Energies, 2024, vol. 17, issue 22, 1-25

Abstract: In this study, finite element software was used to simulate seepage at the core scale, the stress sensitivity of the shale core of the stripe layer and fractures was evaluated, and the production optimization design of reservoir C in block B of the oilfield under different fracturing parameters and wellbore parameters was simulated. The coupled finite element model of reservoir seepage stress was established; the pore elasticity model was used to determine the reservoir deformation; the seepage followed Forchheimer’s law and Darcy’s law; and finally, the liquid production was calculated to optimize the production plan. The results showed that the permeability under the same stress conditions increased nonlinearly with the increase in the striatal angle at the core scale, the permeability under the same effective stress conditions decreased gradually with the increase in the shale/fringe thickness ratio, and the elastic modulus and Poisson’s ratio of the proppant decreased. The permeability stress sensitivity was stronger.

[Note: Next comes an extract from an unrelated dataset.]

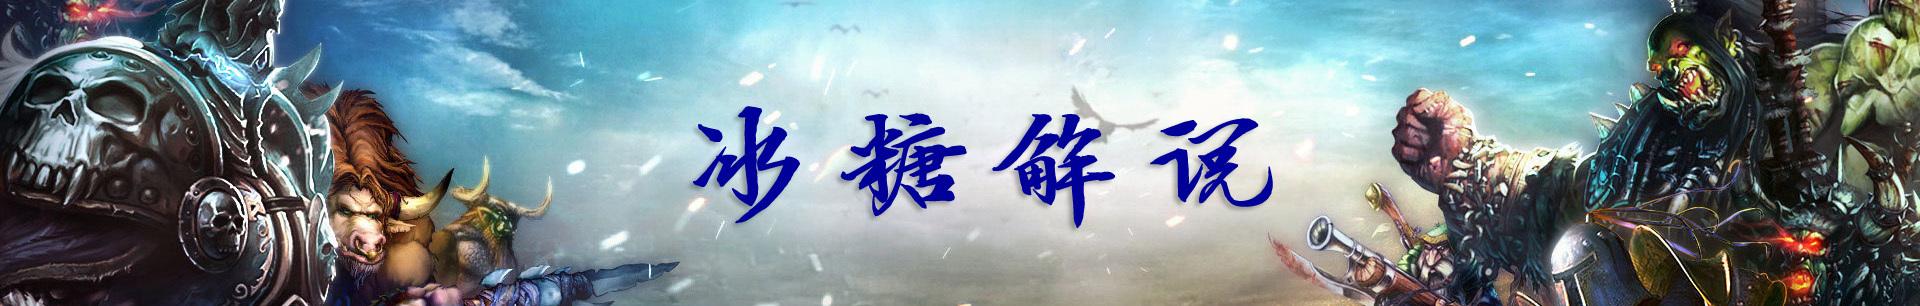 冰糖解说 banner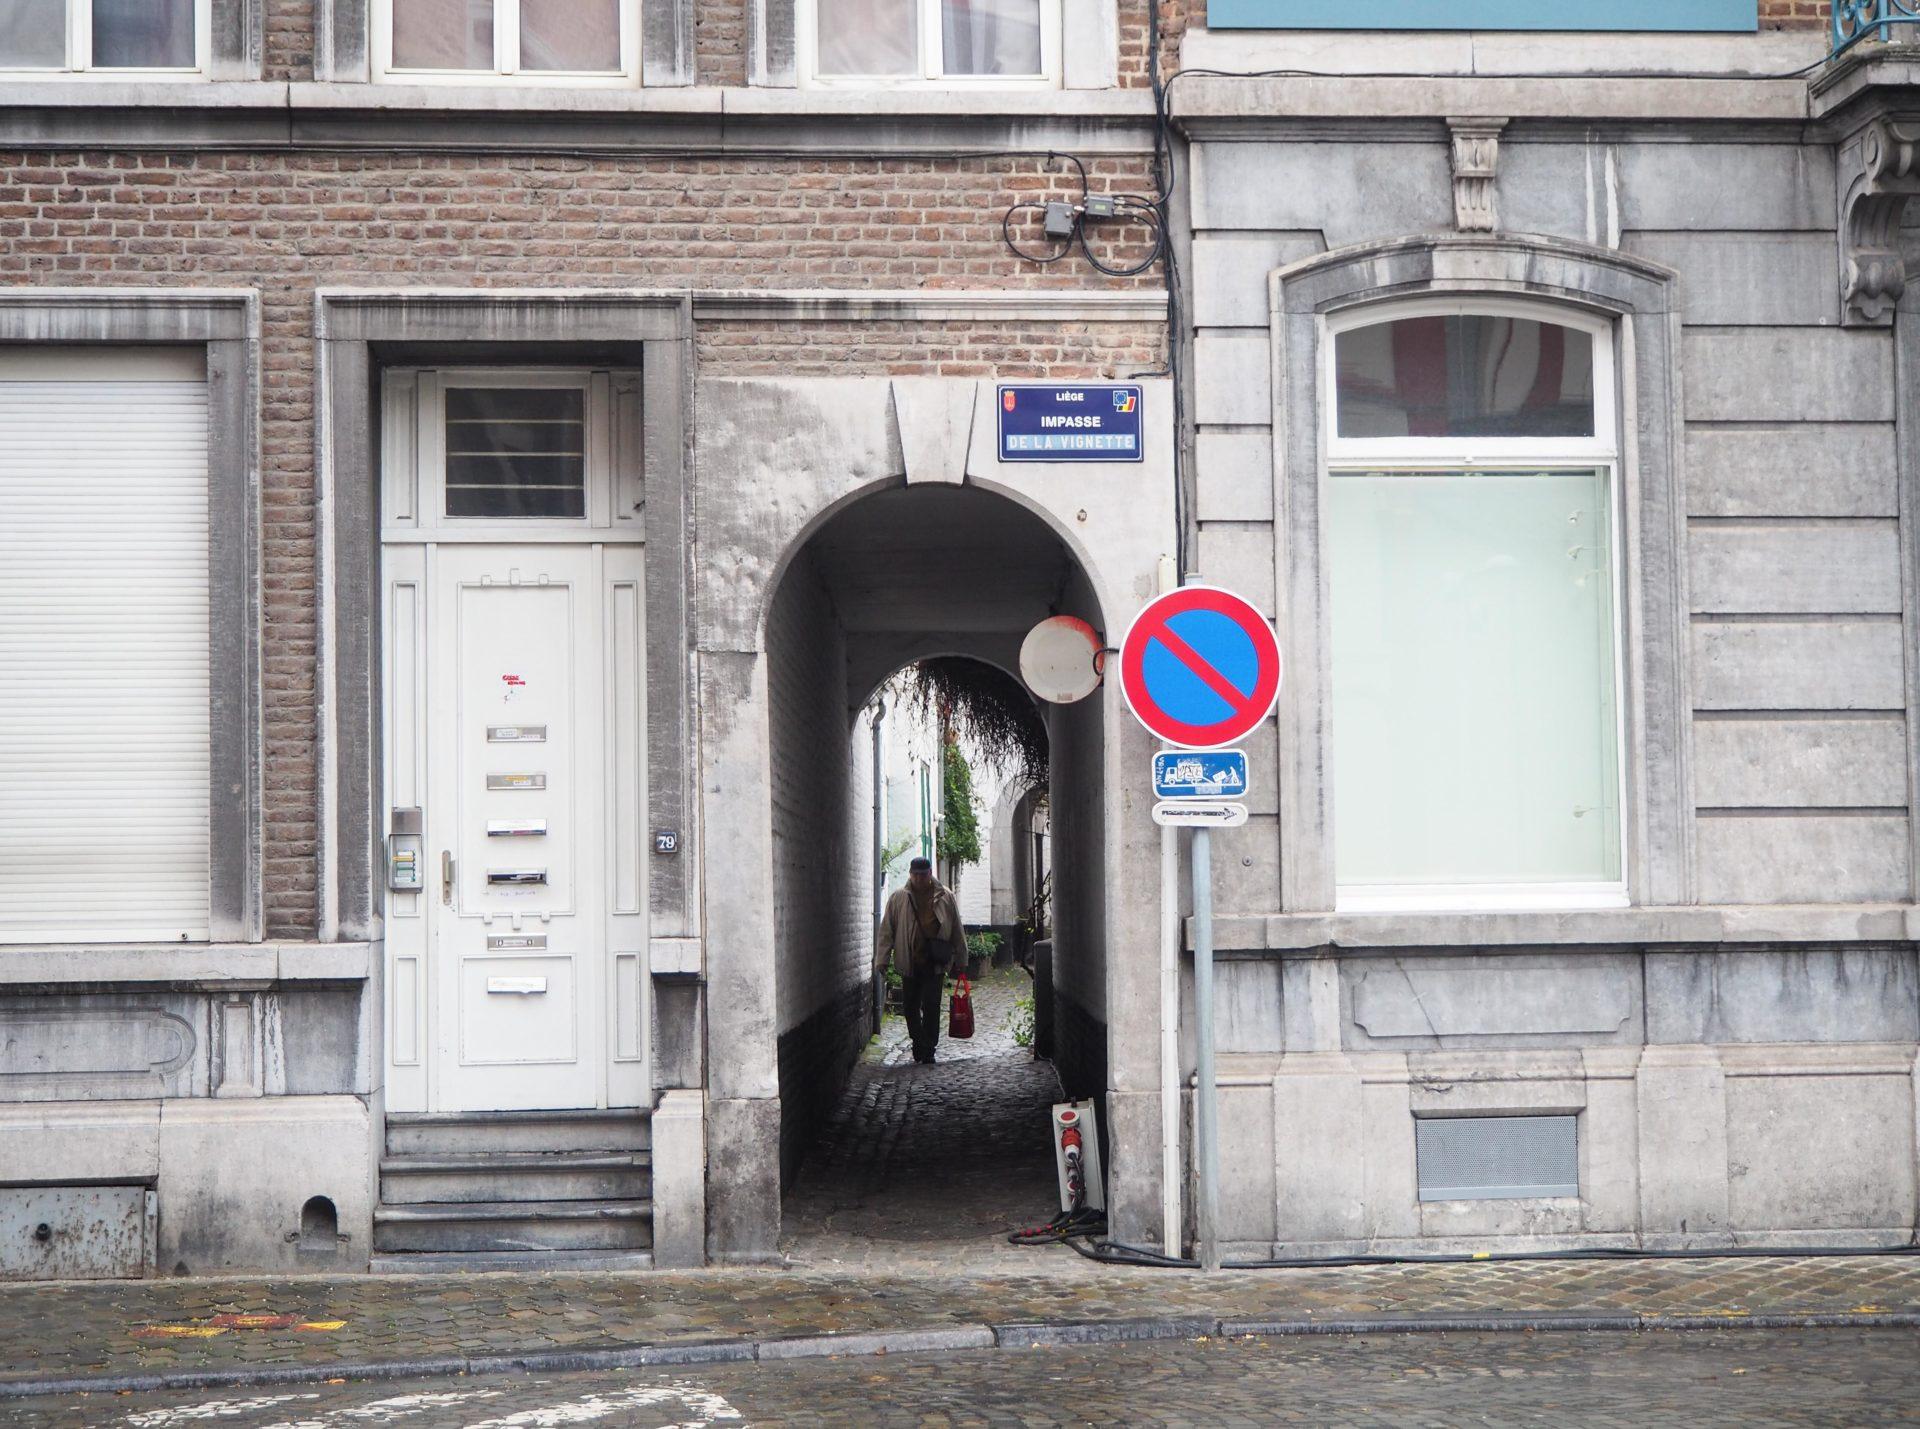 Les impasses près de la rue Hors-Château - Visiter Liège en Belgique en mode slow - Que faire et que visiter à Liège? - Adresses slow et gourmandes à Liège - Informations pratiques pour visiter Liège et en tomber amoureuse en quelques instants!

In the reservoir-scale model, the production pressure difference was the most significant factor affecting shale oil production, followed by the number of fractures and the length of the horizontal zone wellbore, and the elastic modulus of the proppant and Poisson’s ratio had the least impact on production.

Keywords: shale oil reservoirs; finite elements; numerical simulation; stress sensitivity; cracks (search for similar items in EconPapers)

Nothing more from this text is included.